= Employer of Record =

Third-party employment service provider

Employer of Record (EOR) is a third-party organization that formally acts as the employer of a workforce on behalf of another company. The EOR assumes responsibility for legal and administrative employment tasks, such as payroll, taxes, benefits, and compliance with local labor laws. While the EOR handles these formalities, the client company oversees the daily activities and work of the employees. This arrangement is often used by companies wishing to employ workers in regions where they do not have a registered legal entity.

== Function ==
An Employer of Record is responsible for handling various employment-related administrative functions. These responsibilities typically include processing payroll, withholding and remitting taxes, managing benefits, and ensuring compliance with local labor regulations. The EOR serves as the formal employer for legal purposes, while the client company retains control over the day-to-day management of the workers.

EOR services are frequently utilized by companies that seek to employ workers in countries where they do not have a local subsidiary. The EOR allows businesses to operate in foreign markets by ensuring that all employment practices comply with local laws. The arrangement also allows companies to avoid the complexities of setting up and maintaining a legal entity in each jurisdiction where they wish to hire employees.

== Applications ==
Employer of Record (EOR) services are commonly used by organizations that need to hire employees in foreign markets or in regions where they lack a legal presence. This arrangement enables businesses to hire workers in different countries without having to establish a legal entity in each jurisdiction. EORs are also used for managing remote workforces, especially in industries where remote work is common.

The EOR assumes responsibility for compliance with local labor laws, which vary between countries and can involve significant regulatory complexity.
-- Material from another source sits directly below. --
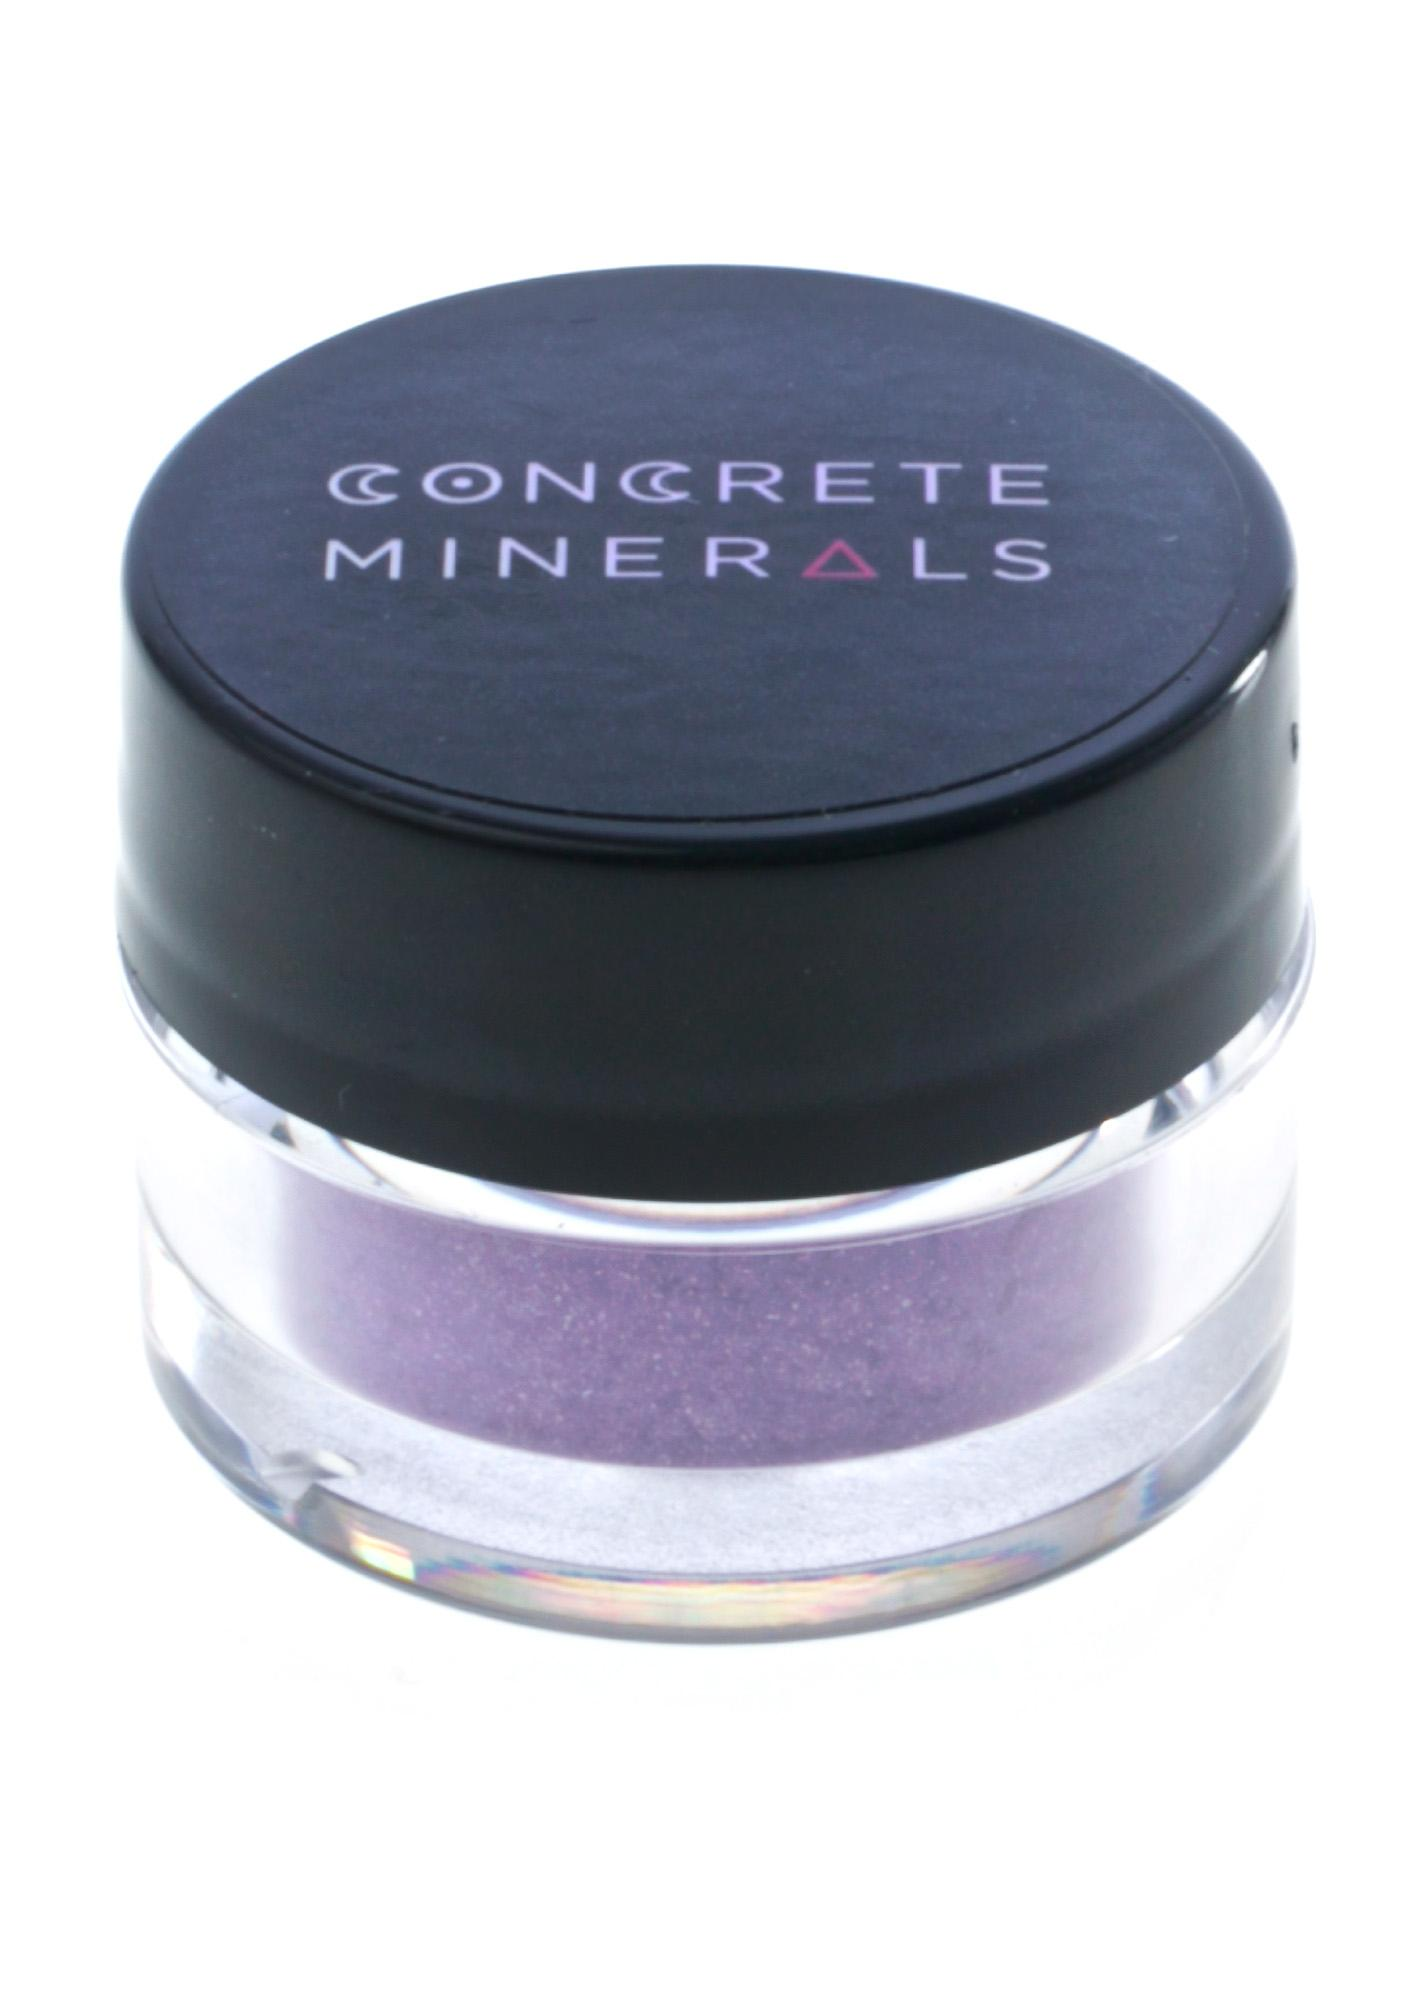 concrete minerals unity mineral eyeshadow dolls kill. Black Bedroom Furniture Sets. Home Design Ideas

By managing these legal obligations, the EOR mitigates the risks that companies face when hiring employees across borders.

== Comparison with Professional Employer Organization ==
EOR services are sometimes compared to those provided by a Professional employer organization (PEO). While both models involve outsourcing certain employment responsibilities, there are key differences between PEO and EOR services. In a PEO arrangement, the PEO and the client company share employment responsibilities through a co-employment model. The PEO typically manages payroll, benefits, and other human resources functions, while the client company directs the employees' daily work activities.

In contrast, an EOR acts as the sole legal employer of the workers, taking full responsibility for compliance with labor laws, tax filings, and the provision of benefits. The client company continues to manage the day-to-day work of the employees, but the EOR handles all administrative and legal obligations.

== Legal and compliance responsibilities ==
EORs take on the responsibility for ensuring that all employment practices comply with local regulations. This includes adherence to labor laws, tax obligations, and statutory benefits such as health insurance or retirement plans. The EOR also manages employment contracts and ensures that all legal requirements related to employee protections and workplace regulations are met.

Labor laws in many countries can be complex, with non-compliance potentially resulting in legal or financial penalties. An Employer of Record (EOR) assumes responsibility for compliance with these regulations, helping companies that may lack expertise in local labor laws or resources for managing these obligations.

== Industry usage ==
EOR services are used across a variety of industries, particularly in sectors where remote work or international expansion is common. For example, technology companies often use EOR services to hire developers or engineers in multiple countries without needing to set up separate entities in each region. Similarly, healthcare providers may use EORs to manage employment in regions with regulatory environments they lack knowledge of, while maintaining focus on their core operations.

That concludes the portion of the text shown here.